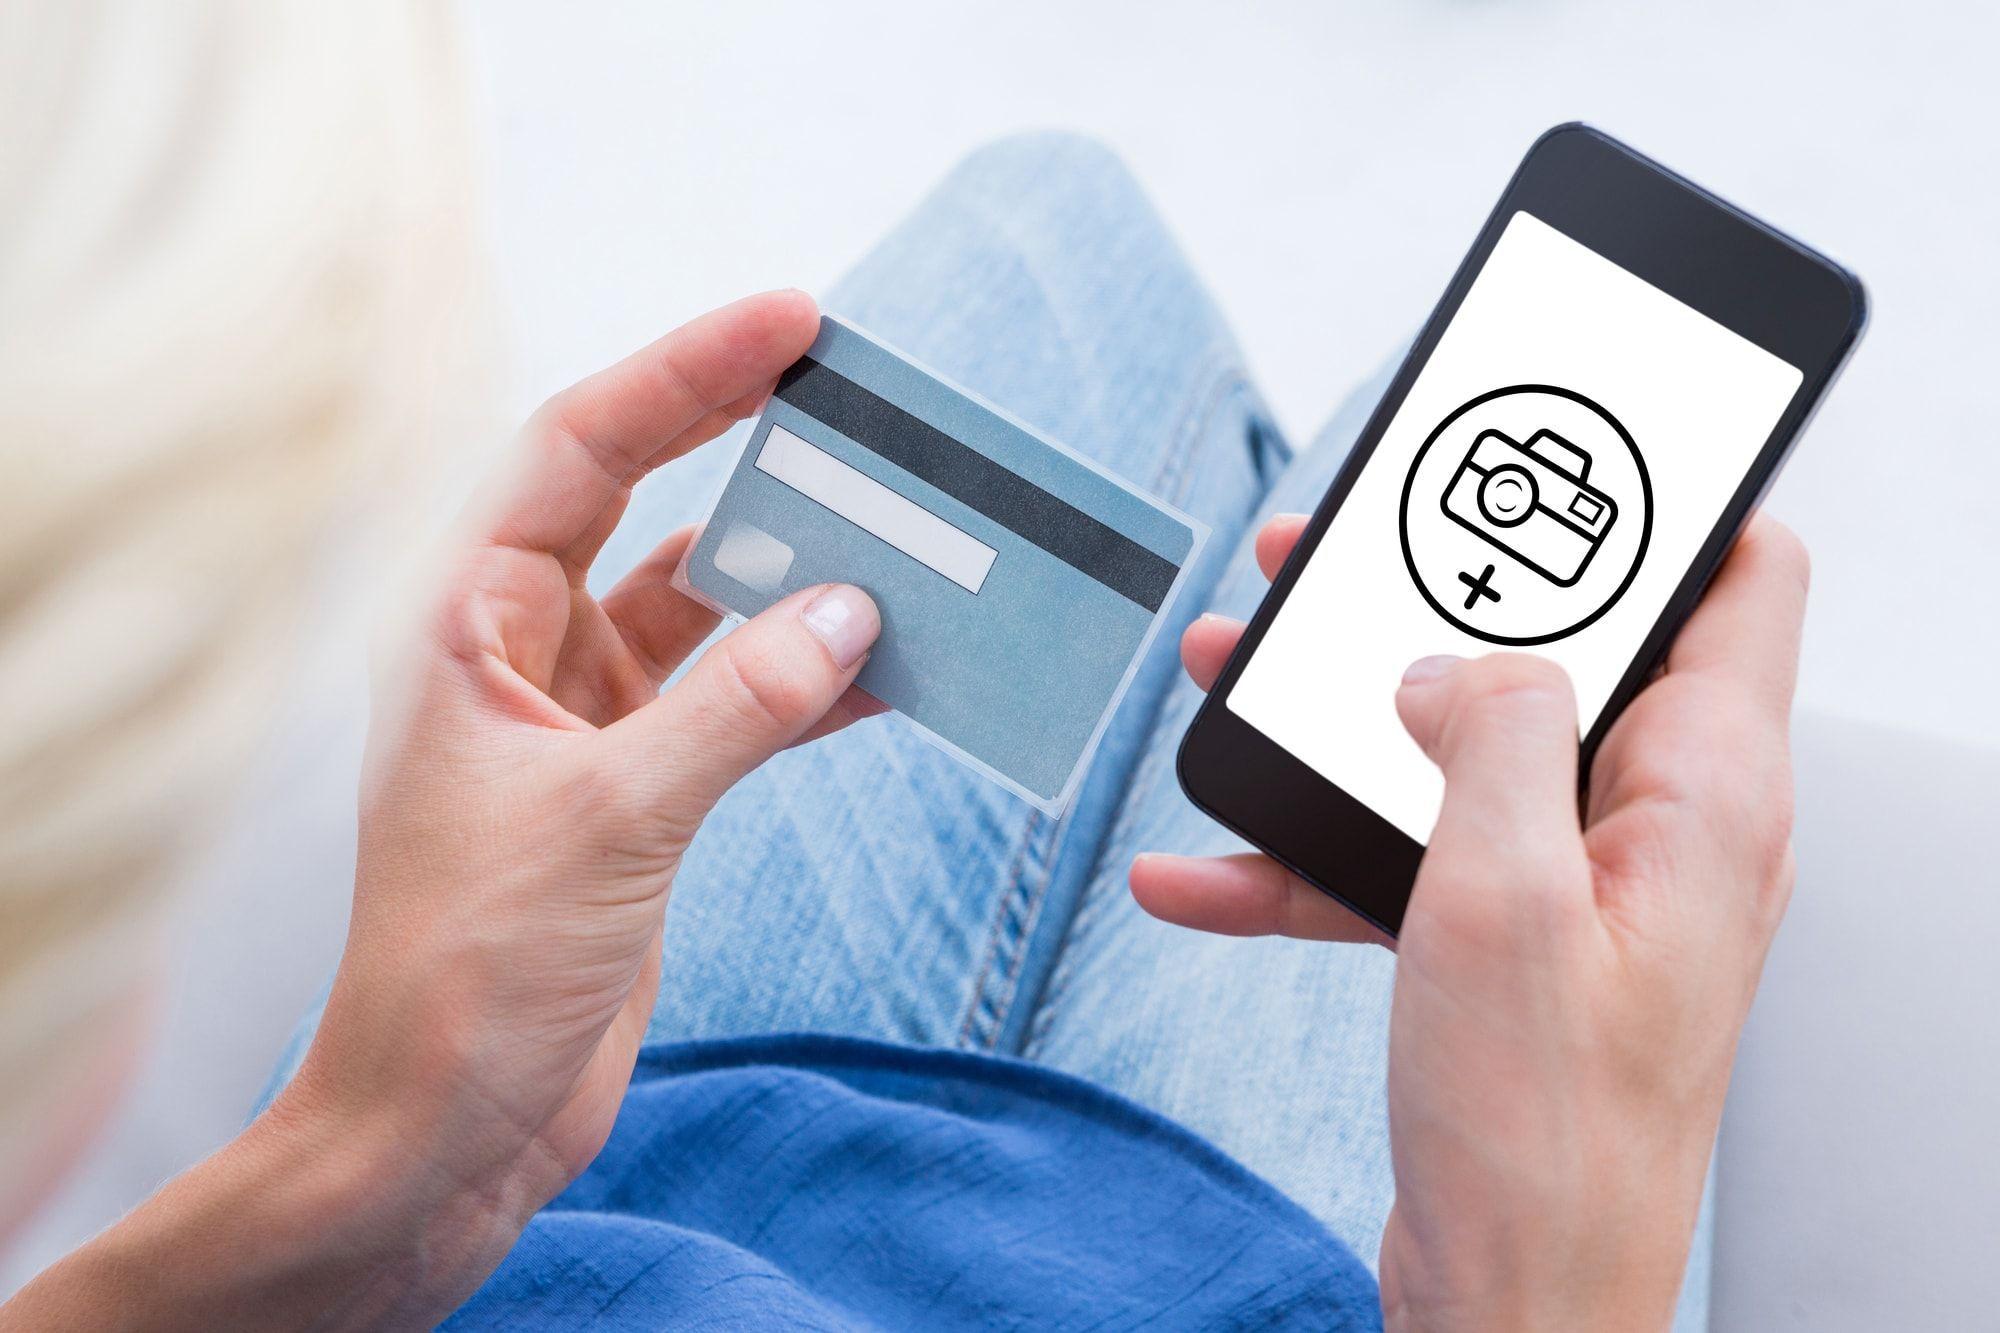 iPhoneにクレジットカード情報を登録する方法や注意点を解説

==

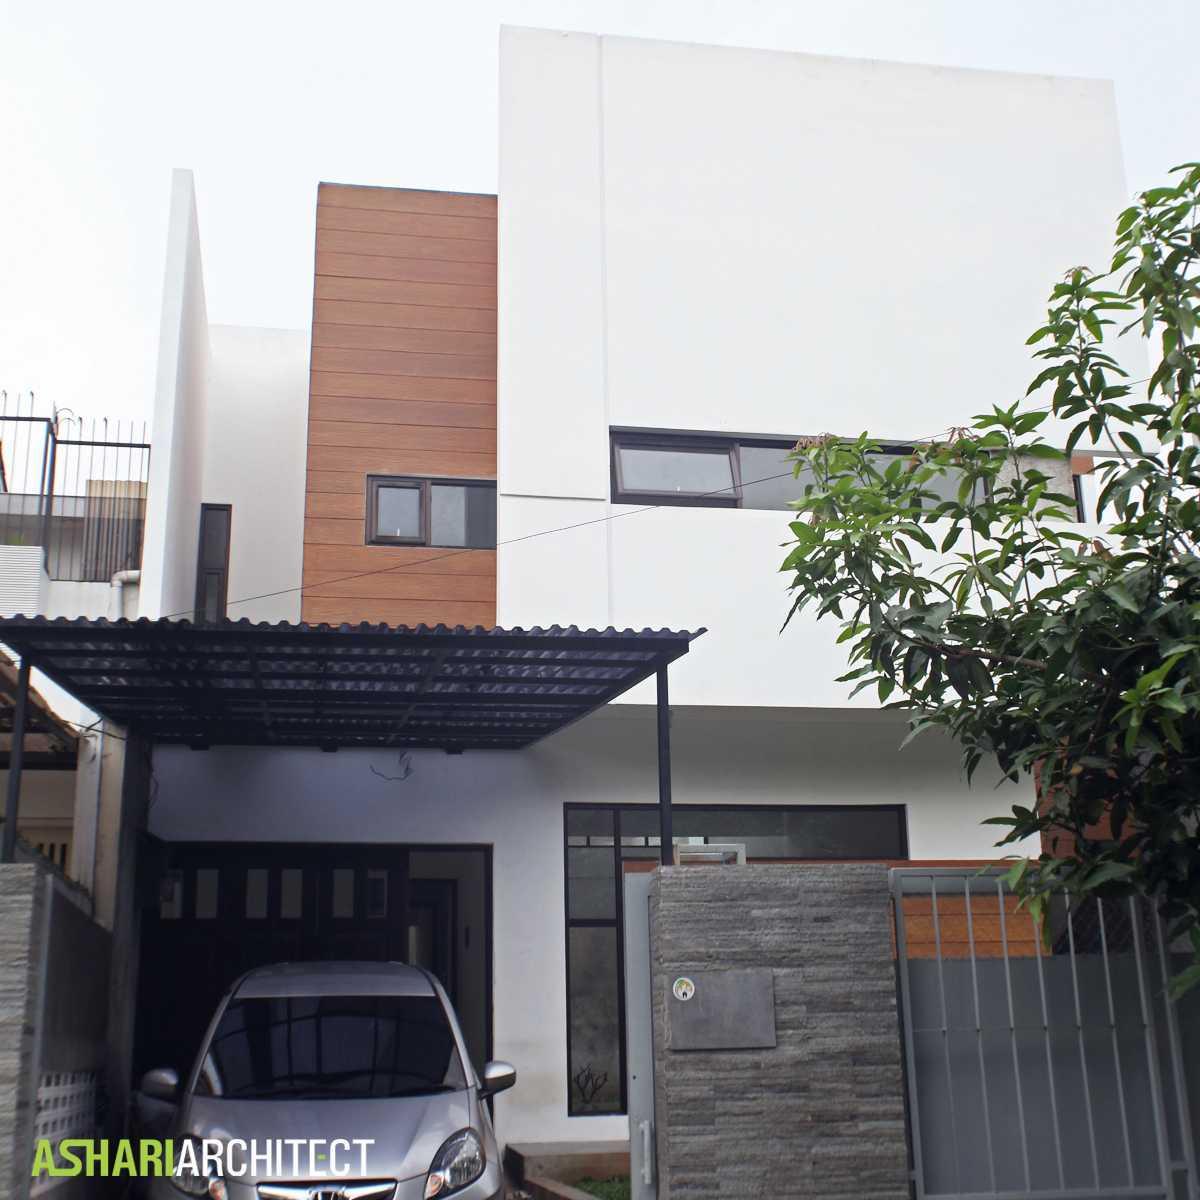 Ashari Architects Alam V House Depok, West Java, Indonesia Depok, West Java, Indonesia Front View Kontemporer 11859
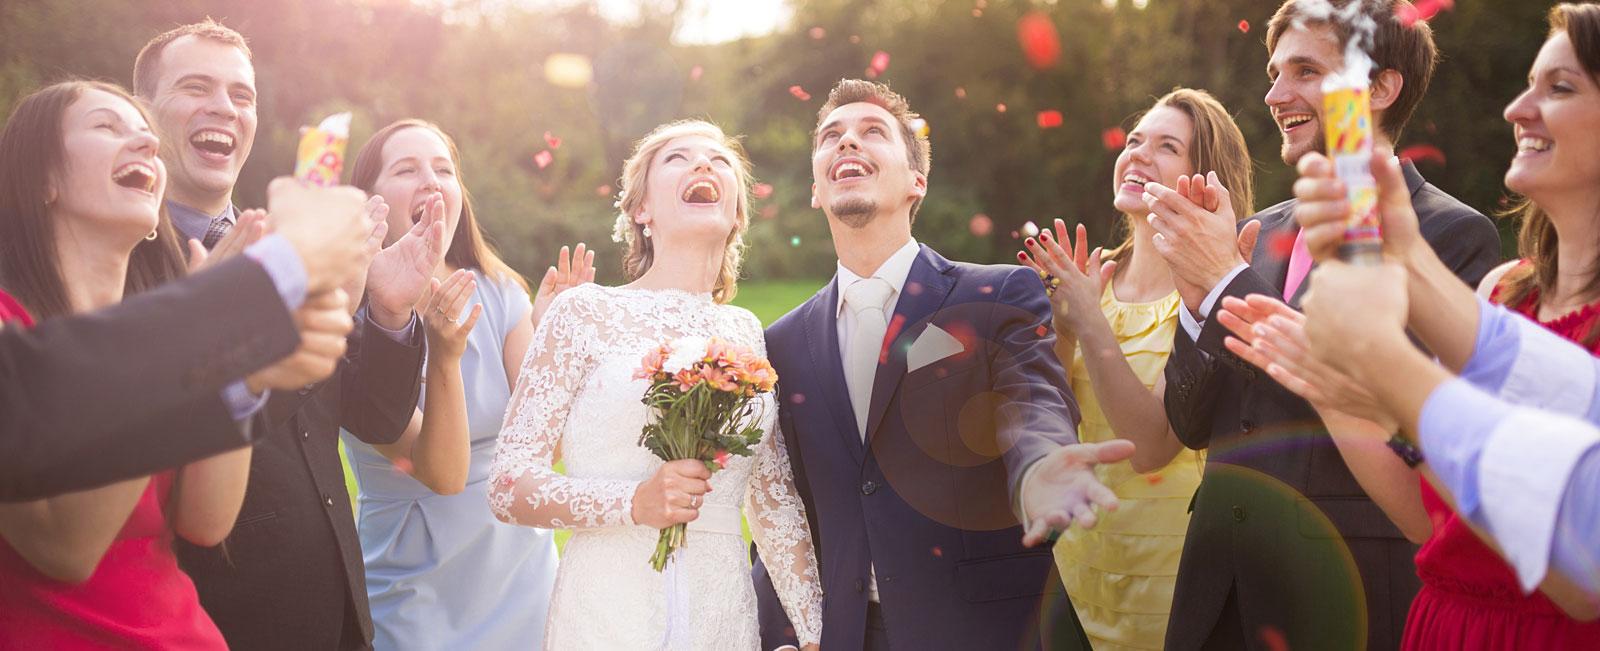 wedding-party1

WHAT TO PRODUCE: For this exercise, set down the lines in the entries above from the one with "Ashari Architects Alam" through the one with "wedding-party1" exactly as written, without any pictures.

REPLY:
 Ashari Architects Alam V House Depok, West Java, Indonesia Depok, West Java, Indonesia Front View Kontemporer 11859
 wedding-party1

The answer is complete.